As revealed in yesterday’s Sunday Telegraph, GCSE students are being allowed to use gender-neutral nouns, pronouns and adjectives in their Spanish, German and French lessons. In a move designed to make the curricula more inclusive, pupils in French classes are currently permitted to use the pronouns ‘iel’ or ‘ille’ instead of ‘il’ or ‘elle’, and ‘iels’ to represent an all-encompassing gender-neutral term for ‘ils/elles’.

While students in this tongue are allowed to change ‘amies’, meaning ‘female friends’, to ‘ami.e.s’ or ‘ami*e*s’, those in Spanish classes, who might have otherwise described their parents as ‘padres’, may now call them ‘xadres’ or ‘mapadres’. Students of German, that toughest of foreign tongues, have a new set of pronouns to choose from, including ‘xier’ and ‘xiese’. Pearson Edexcel, the exam board responsible for this fresh guidance for students in England, Wales and Northern Ireland, has reportedly introduced the measures with the support of the LGBT charity Stonewall.

That’s languages for you: they’re unreasonable monsters that can never be tamed

Understandably, the revelation has not gone down well on the other side of the English Channel.

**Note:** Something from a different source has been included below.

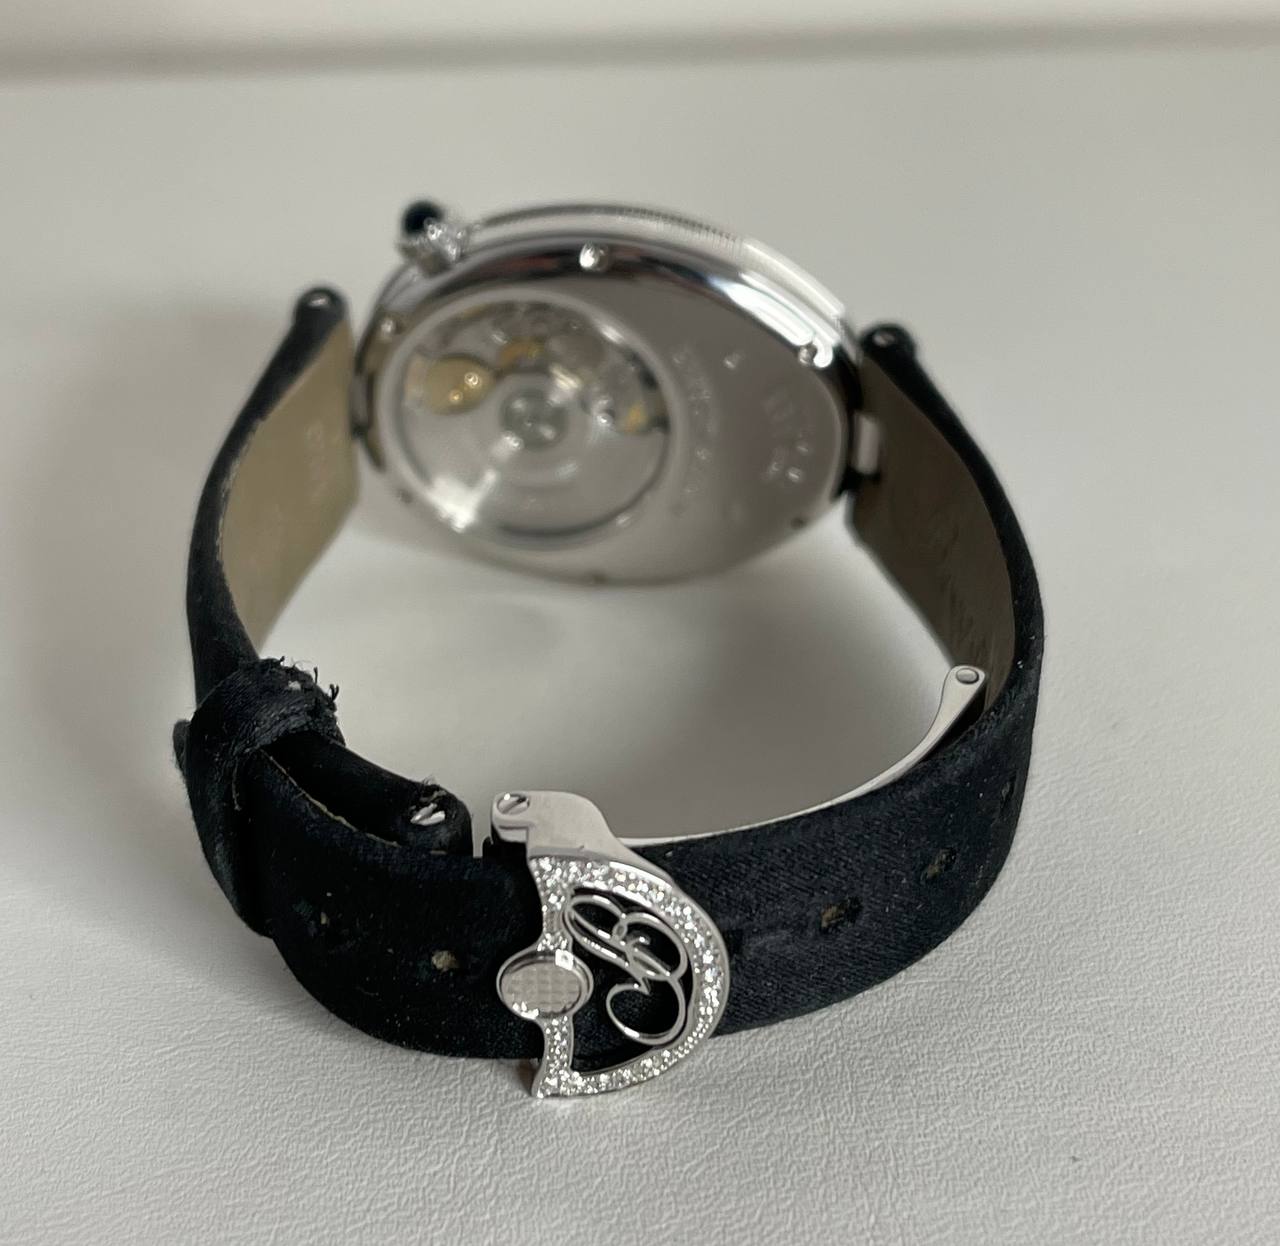 Часы Breguet Reine de Naples 8908BB/52/864
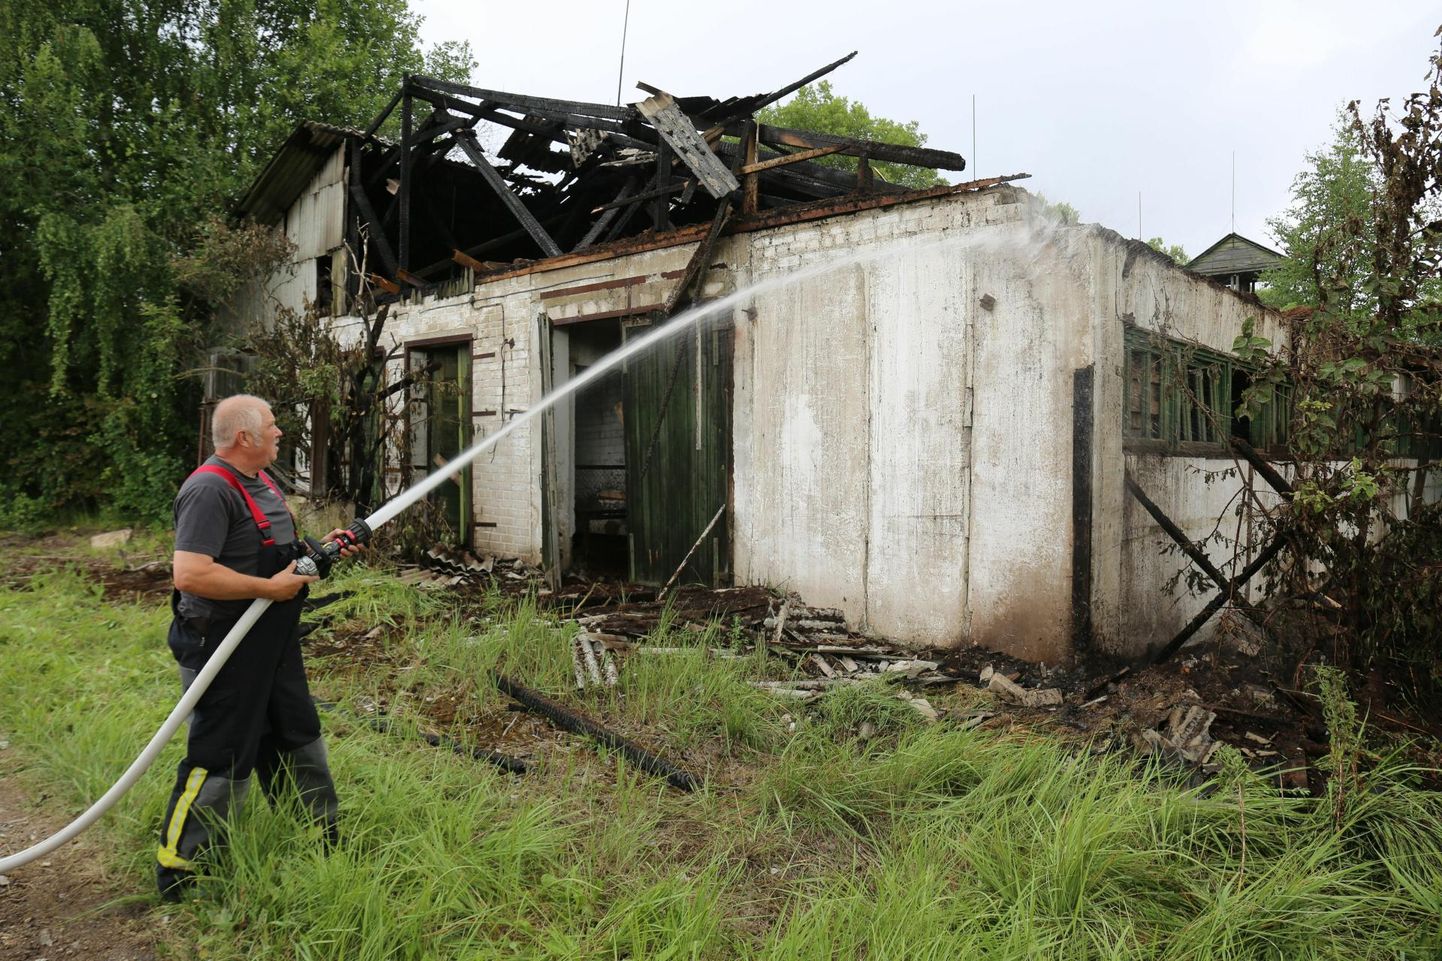 У спасателей Вярски много работы. На фотографии они занимаются ликвидацией последствий пожара в сгоревшем свинарнике в Микитамяэ.

Jean-Michel Blanquer, the former French education minister, has called the guidance ‘absurd’, adding that ‘French grammar has not changed in this regard. And the use of “iel” does not correspond to any widespread usage among the French population.’ Bernard Cerquiglini, an editor at the Larousse dictionary, has called teaching students gender-neutral pronouns ‘nonsense’. 

There’s an irony in trying to propagate a form of French, Spanish or German that is barely spoken in the lands of their origin. What could be more colonial-minded and arrogant than telling others how their language should be spoken and how it ought to be amended to accord to modern mores and whims?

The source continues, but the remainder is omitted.